Tau Pathology: CK1δ is a major tau kinase; its activity drives NFT formation.

Synaptic Dysfunction: CK1δ phosphorylates synaptic proteins, affecting plasticity.

Circadian Disruption: CK1δ dysregulation contributes to sleep disturbances.

Protein Aggregation: CK1δ affects aggregation of multiple proteins.

Clinical Translation of CK1δ Research

Translating CK1δ research into clinical applications:

Biomarker Development: CK1δ activity as a disease biomarker.

Therapeutic Targeting: CK1δ inhibitors in clinical trials.

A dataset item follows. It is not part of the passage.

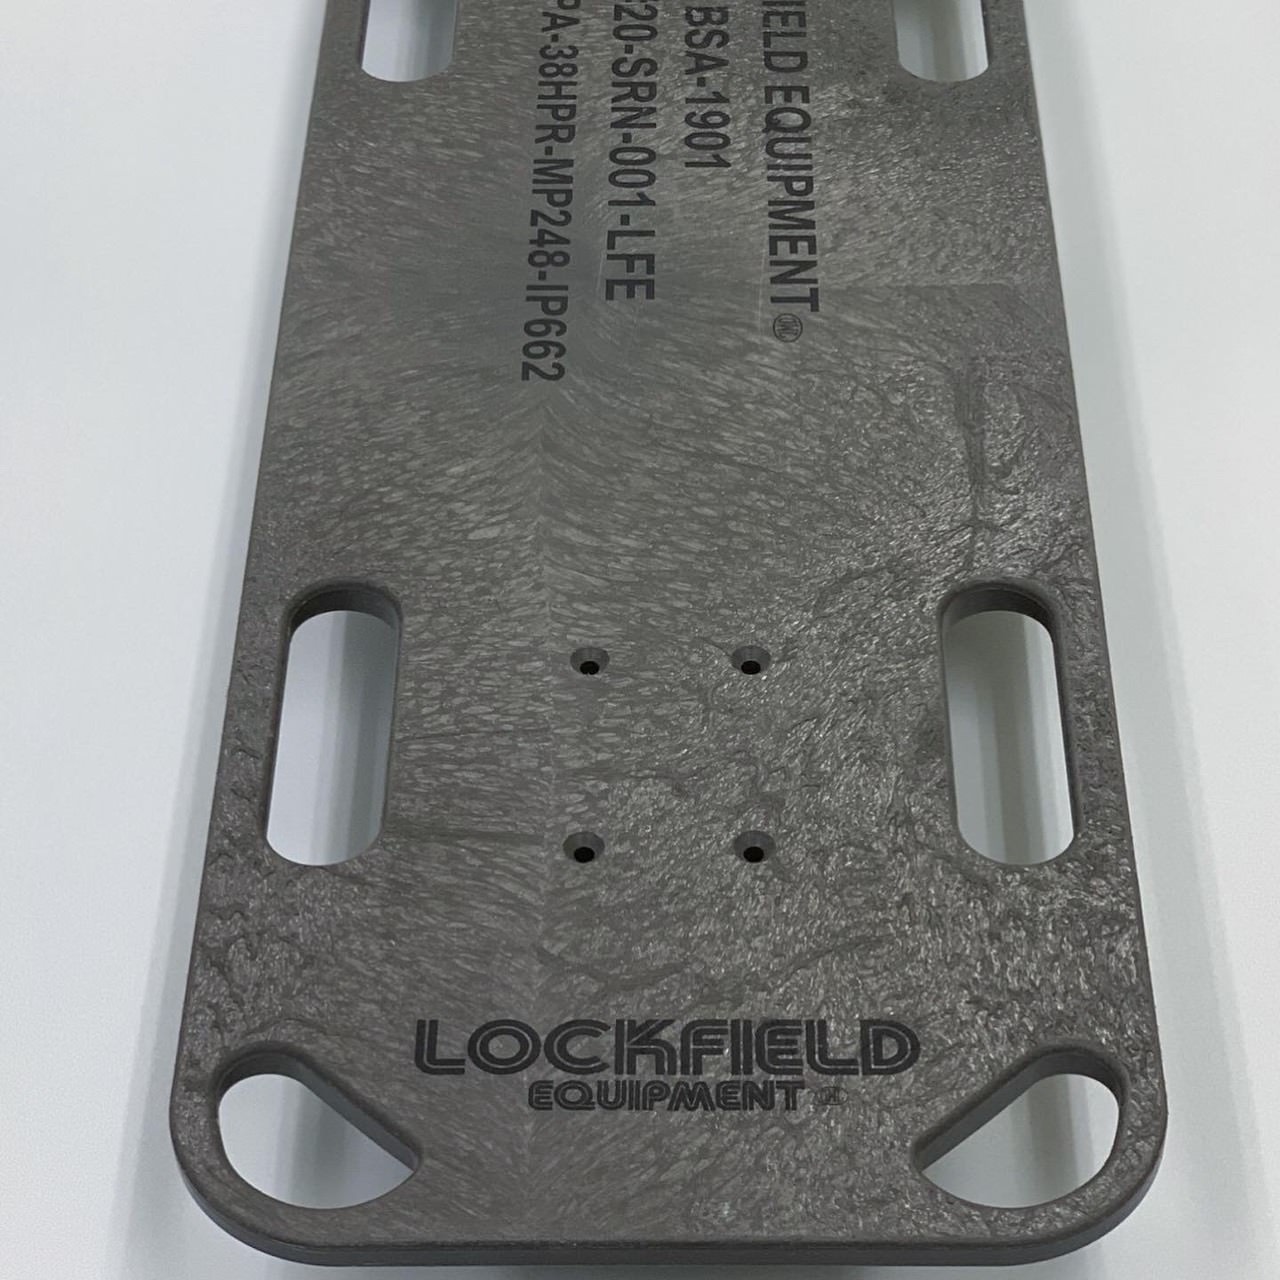 Lockfield Equipment FT40 バリスティクス LFE

Chronotherapy: Timing interventions to circadian rhythms.

Combination Approaches: Multi-target kinase inhibition strategies.

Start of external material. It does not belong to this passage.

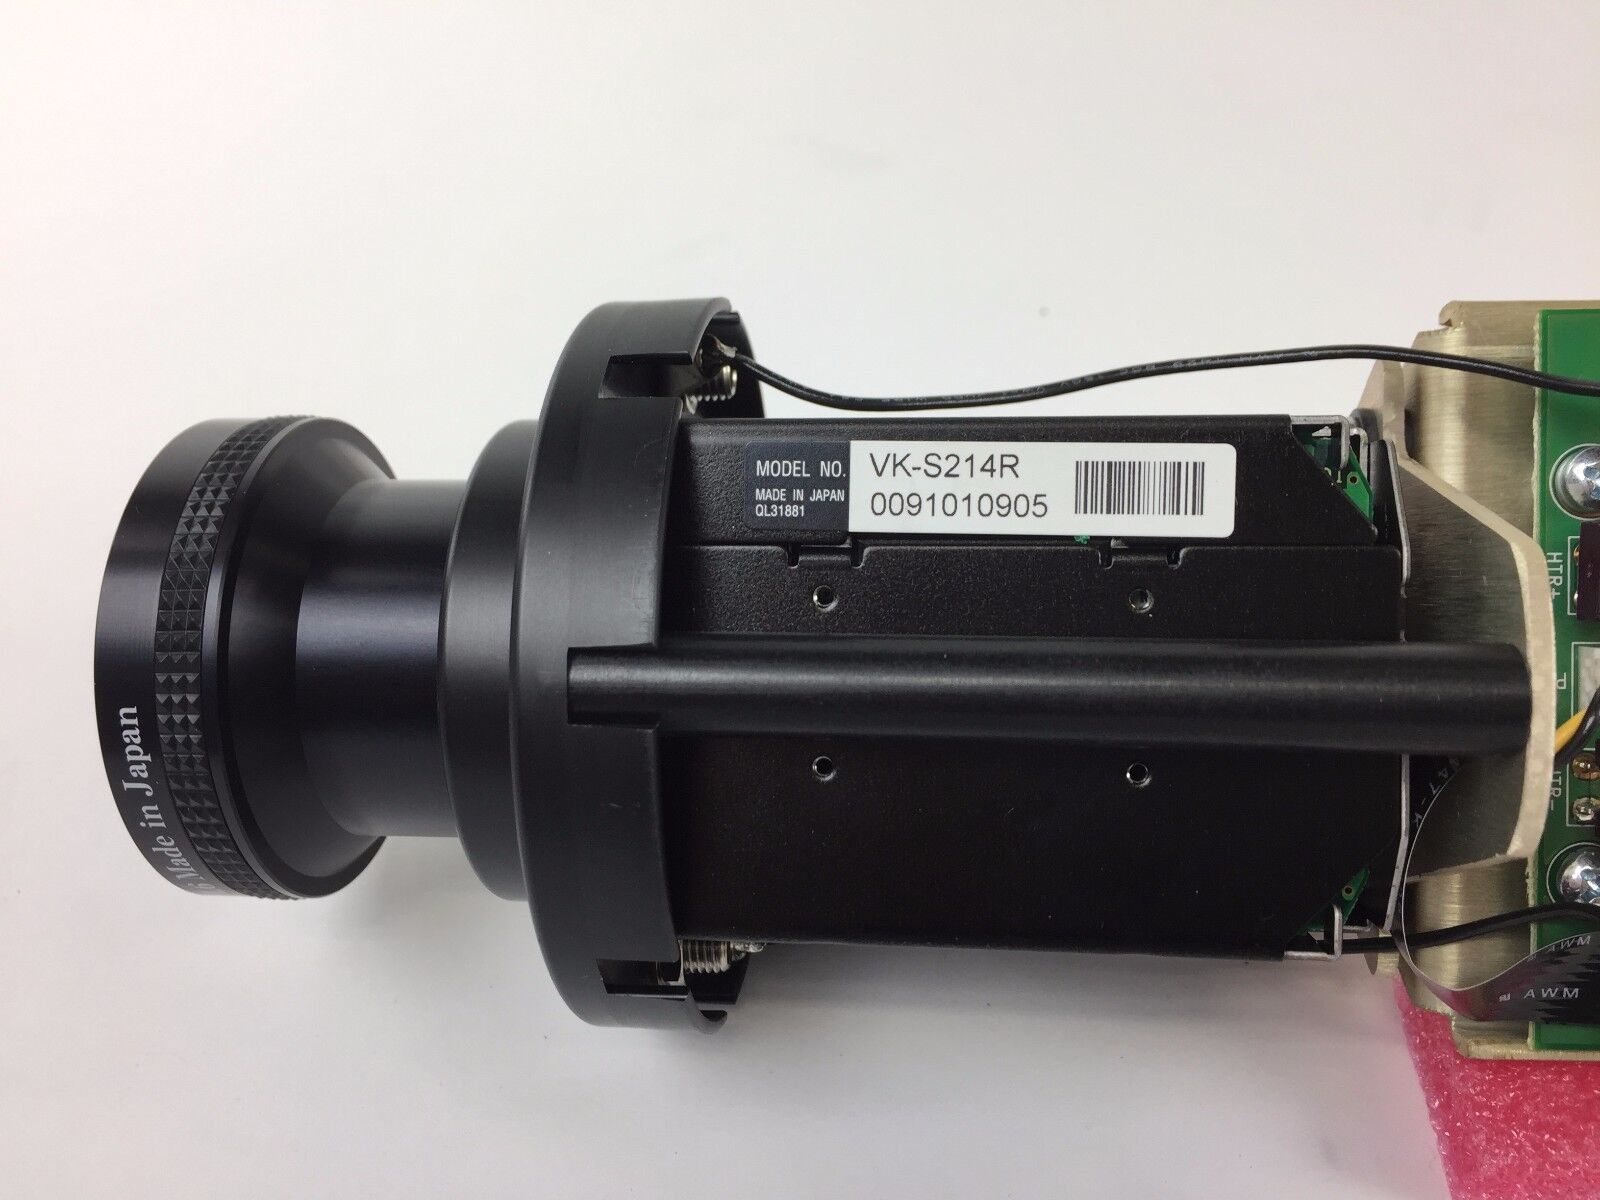 Hitachi VK-S214R Surveillance Camera with WTI-WL6 Lens and 110V AC Power Board

CK1δ in Different Brain Cell Types

CK1δ function varies across cell types:

Neurons: High CK1δ expression; critical for synaptic function.

Astrocytes: CK1δ in astrocytic signaling and function.

Microglia: CK1δ in microglial inflammatory responses.

Oligodendrocytes: CK1δ in myelination and oligodendrocyte function.

Interplay Between CK1δ and Other Kinases

CK1δ interacts with other kinases:

GSK-3β: Sequential phosphorylation of tau substrates.

CDK5: Collaboration in tau phosphorylation.

PKA: Cross-talk in circadian regulation.

CaMKII: Synaptic plasticity interactions.

Summary

CK1δ is a serine/threonine kinase with critical roles in circadian rhythm regulation, tau phosphorylation, Wnt signaling, and DNA damage response. Its involvement in Alzheimer's disease, Parkinson's disease, and Huntington's disease makes it an important therapeutic target. The development of brain-penetrant, selective CK1δ inhibitors remains a key goal, alongside circadian-based therapeutic approaches. As research progresses, CK1δ-targeted interventions may provide disease-modifying benefits for neurodegenerative disorders.